Johannesburg, South Africa — 04 October 2012 – The series of wildcat miners’ strikes in South Africa has spread to the iron ore sector and hit another gold company in an escalation of the labour unrest that is testing President Jacob Zuma’s leadership.
Fin24 reports that the industrial action at Kumba Iron Ore, a unit of global miner Anglo American , further dented investor confidence in the continent’s wealthiest economy as it showed that the protests had moved beyond platinum and gold mines.
Workers at the Kusasalethu mine near Johannesburg, operated by South Africa’s No. 3 bullion producer Harmony Gold Mining Company, also downed tools in what management called an "unlawful" action launched outside the normal collective bargaining channels.
Zuma is under fire for failing to address and contain the workers’ protests demanding wage increases, which stem in large part from glaring wealth inequalities persisting in South Africa since the end of apartheid in 1994.
As many as 75 000 miners, or 15% of the South African mining sector’s total workforce, are already out on strike, while a national truckers’ stoppage is squeezing fuel suppliers. Analysts said if it lasts another week, some petrol stations could run dry and some banks’ ATMs could run out of cash.
Kumba, one of the world’s top 10 iron ore producers, said the wildcat strike at its giant Sishen mine in the Northern Cape involved only 300 employees and was limited to one area in the open cast mine, leaving most of the facility unaffected.
“The action is being dealt with in line with the company’s labour relations procedure, with due consideration to the safety of the vast majority of workers who are not taking part in the unprotected strike,” Kumba said in a statement.
Kumba’s share price was over 4% lower at the news, and shares of Harmony Gold fell 1.5%.
The recent weeks of labour strife, in which around 50 people have been killed, have stirred up criticism of the ruling African National Congress and the presidency of Zuma, who faces a challenge from ANC rivals ahead of a party leadership conference in December.
In another illegal strike over wages by contractors at mining company Petmin, a security guard was hacked to death this week by knife-wielding assailants at the Somkhele mine in KwaZulu-Natal, local media quoted police as saying.
Kumba was regarded as immune to the strike contagion because rank and file employees there in December who had worked for at least 5 years were given a lump sum of about R345 000 each after taxes as part of a share scheme.
This represented a fortune to workers earning as little as R7 000 a month. But it was not immediately clear if any of the 300 reported strikers were among the 6,200 who had benefited from the plan.
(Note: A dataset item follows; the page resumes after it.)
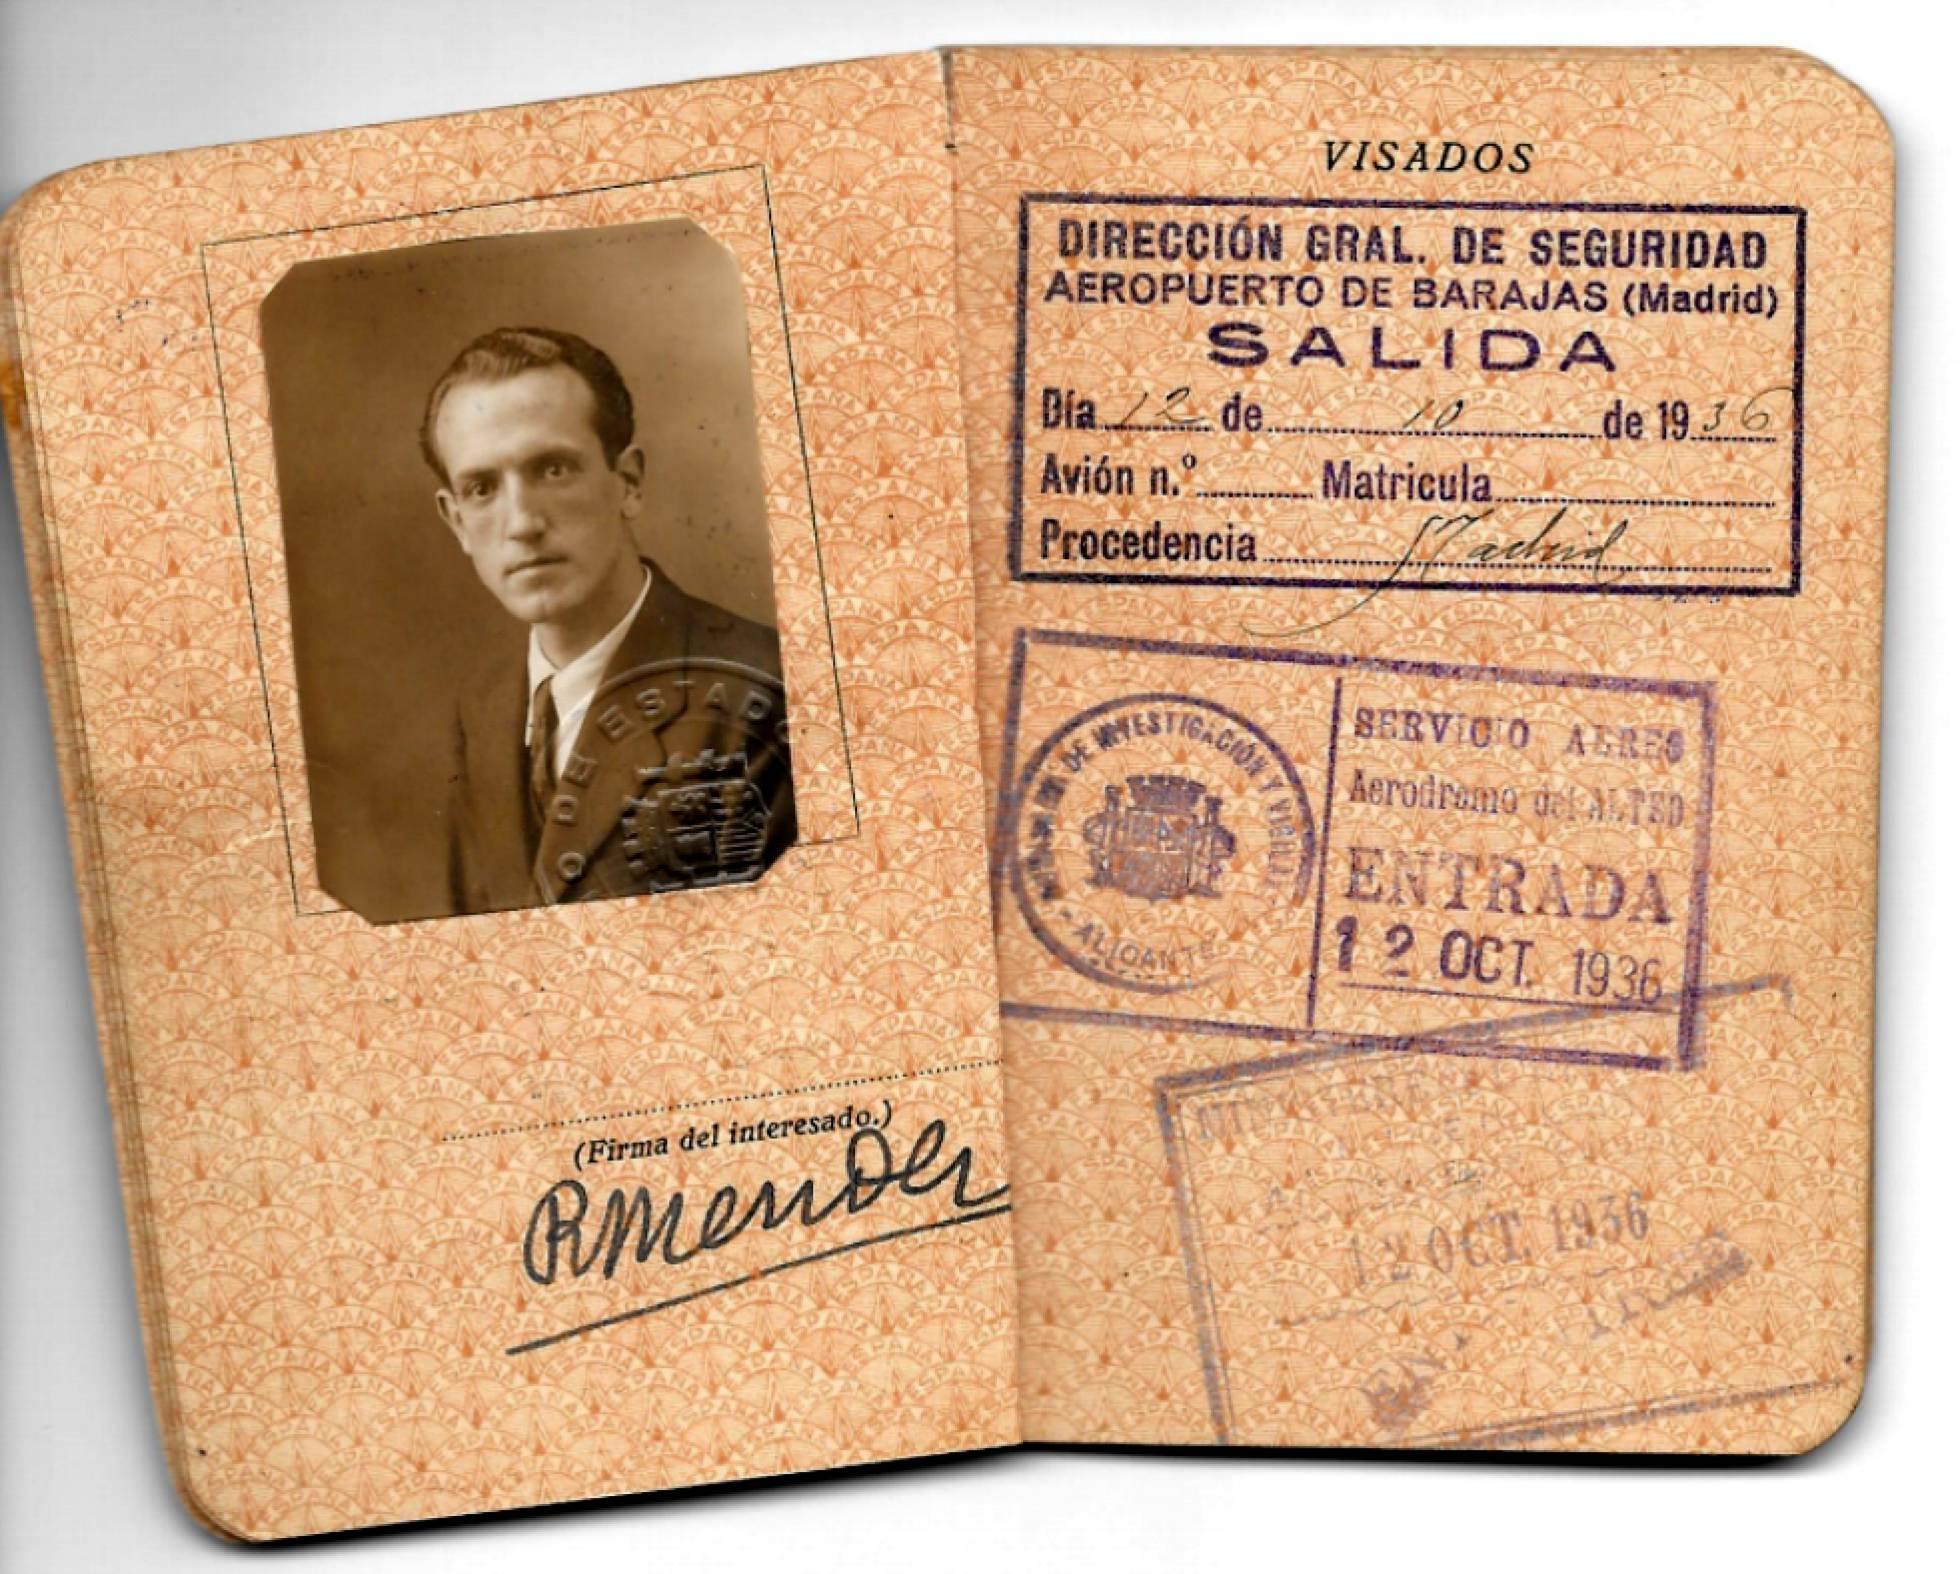 Rafael Mendez Spain

Solidarity is not taking part in the strike.
Kumba produced 41.3Mt of ore in 2011.
Seven weeks of labour unrest and strikes, which originally erupted at Lonmin’s Rustenburg operations, have now spread across the South African mining industry.
The world’s No. 1 platinum producer Anglo American Platinum is also grappling to resolve a strike at its Rustenburg operations in the country’s platinum belt about 120 km north-west of Johannesburg. Worker attendance at Amplats’ Rustenburg mines has fallen to below 20%, and
some 21,000 Amplats workers have joined the illegal walkout.
Fifteen thousand miners at Gold Fields KDC West mine downed tools on 10 September, hitting production at the world’s fourth-biggest bullion producer. Gold Fields bosses have refused to negotiate with them.
The spreading labour unrest has raised fears the country could see a repeat of the stand-off with police at Lonmin’s platinum mine in August that led to the shooting of 34 miners.
It was South Africa’s bloodiest security incident since the end of apartheid in 1994, and an official commission of enquiry started a probe this week into the killings.
The commission of inquiry into the violence yesterday adjourned its hearings until 22 October to give lawyers involved more time to prepare and collect copies of relevant documents and testimony.